Jacques y José María

EL DESPLIEGUE de un jefe de Estado, dos jefes de Gobierno y veinte, ministros en la cumbre franco-española de Marsella contrasta con la parquedad de la última reunión bilateral entre José María Aznar y el canciller alemán, Helmut Kohl. Refleja también que las relaciones entre Chirac y Aznar, y por extensión entre ambos Gobiernos, parecen marchar bien. El presidente francés se ha convertido en el valedor de España para la plena y pronta participación de nuestro país en la moneda única europea.Unas buenas relaciones con el vecino del Norte resultan fundamentales para España, y no sólo en el terreno de la lucha antiterrorista. El cambio que impulsaron González y Mitterrand tiene ahora continuidad en sus respectivos sucesores conservadores.
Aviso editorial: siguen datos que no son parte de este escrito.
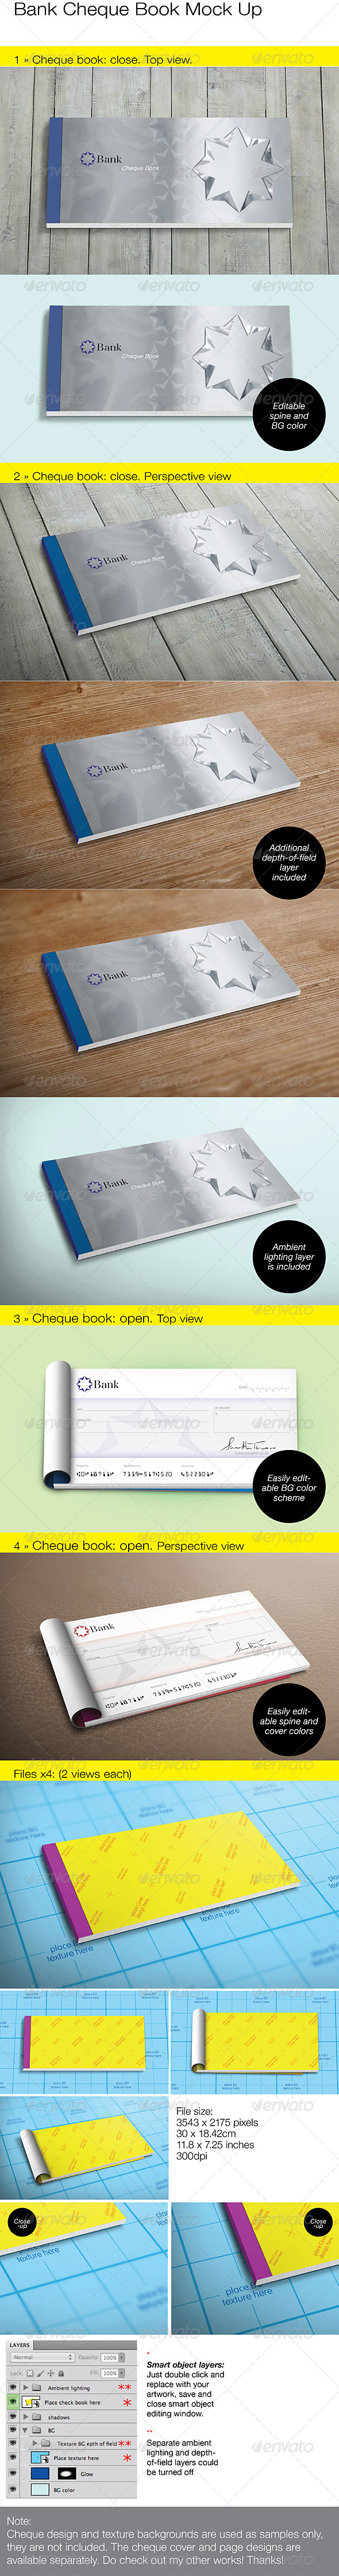 Bank Cheque Book Mock Up Preview.jpg
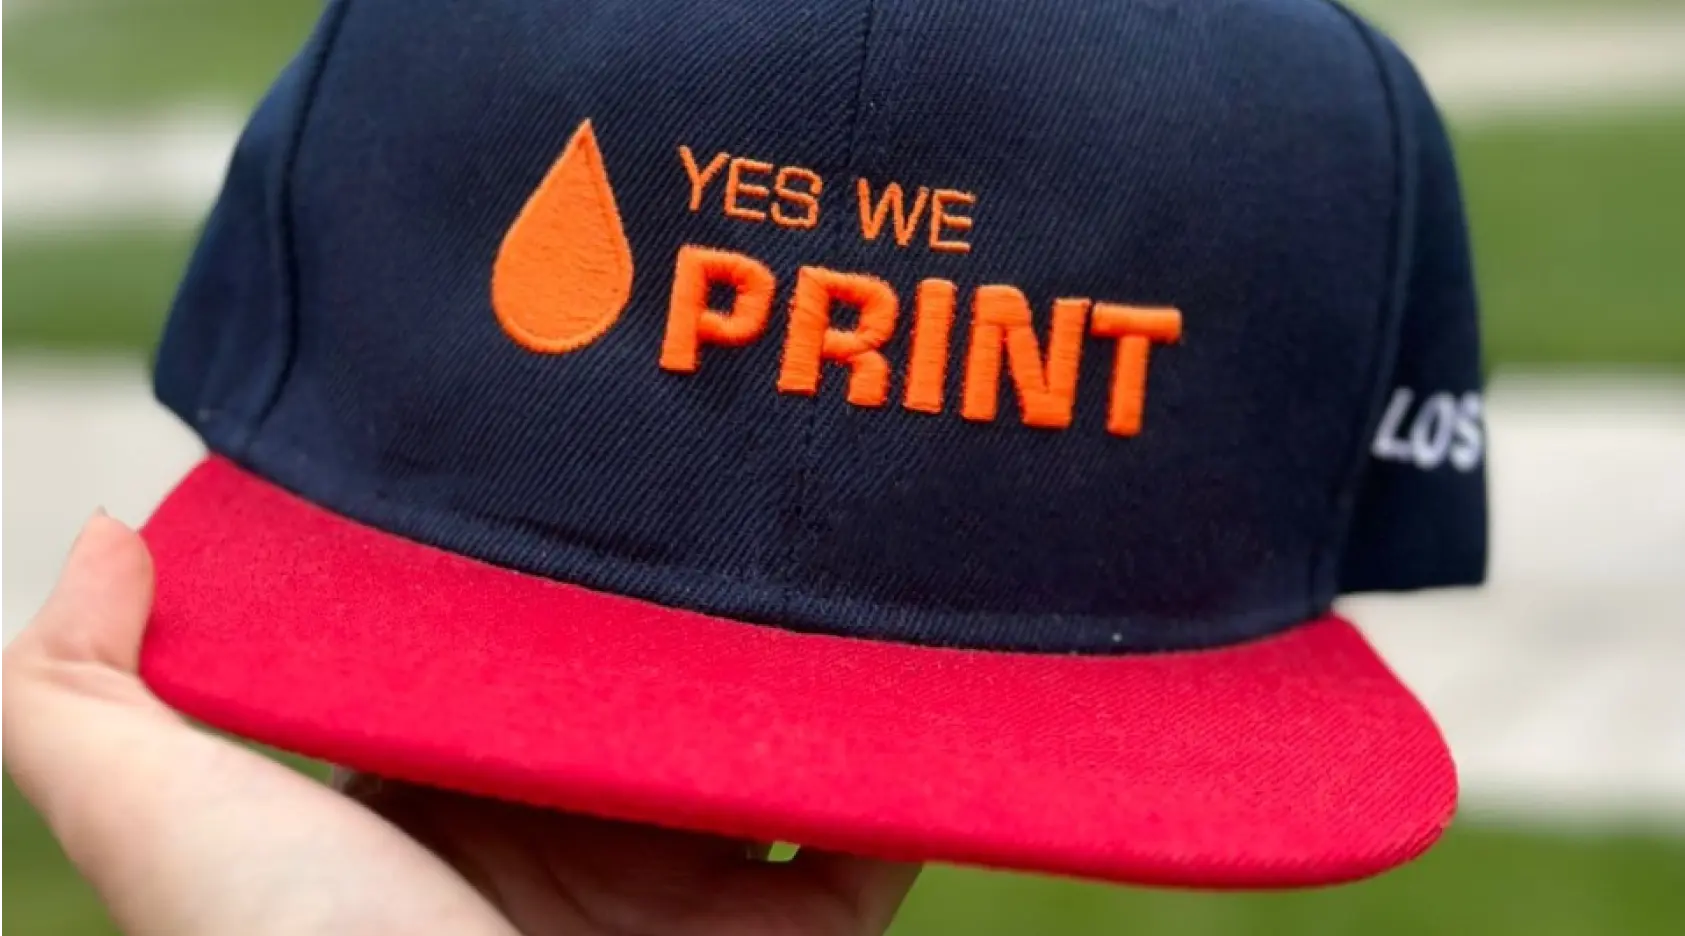 A hat with yes we print logo on it.

Pero ahora, como entonces, existe un riesgo de que tales buenas relaciones se conviertan en una excesiva dependencia española de Francia, no sólo económica y de seguridad, sino incluso política.

Por eso, más allá de reediciones de pactos de familia, este eje de la política exterior española debe verse complementado con una relación también estrecha con el otro motor de la integración europea, Alemania, rectificación que el Gobierno de Aznar ha empezado a efectuar y que debería notarse más en los próximos meses, tras un monocorde afrancesamiento de una primera hora en que el Gobierno de París apostó más por el dirigente del PP que Bonn. El propio Chirac ha entendido bien la situación, la aprovecha, e incluso se presenta públicamente en Marsella como si fuera valedor de Aznar ante Kohl.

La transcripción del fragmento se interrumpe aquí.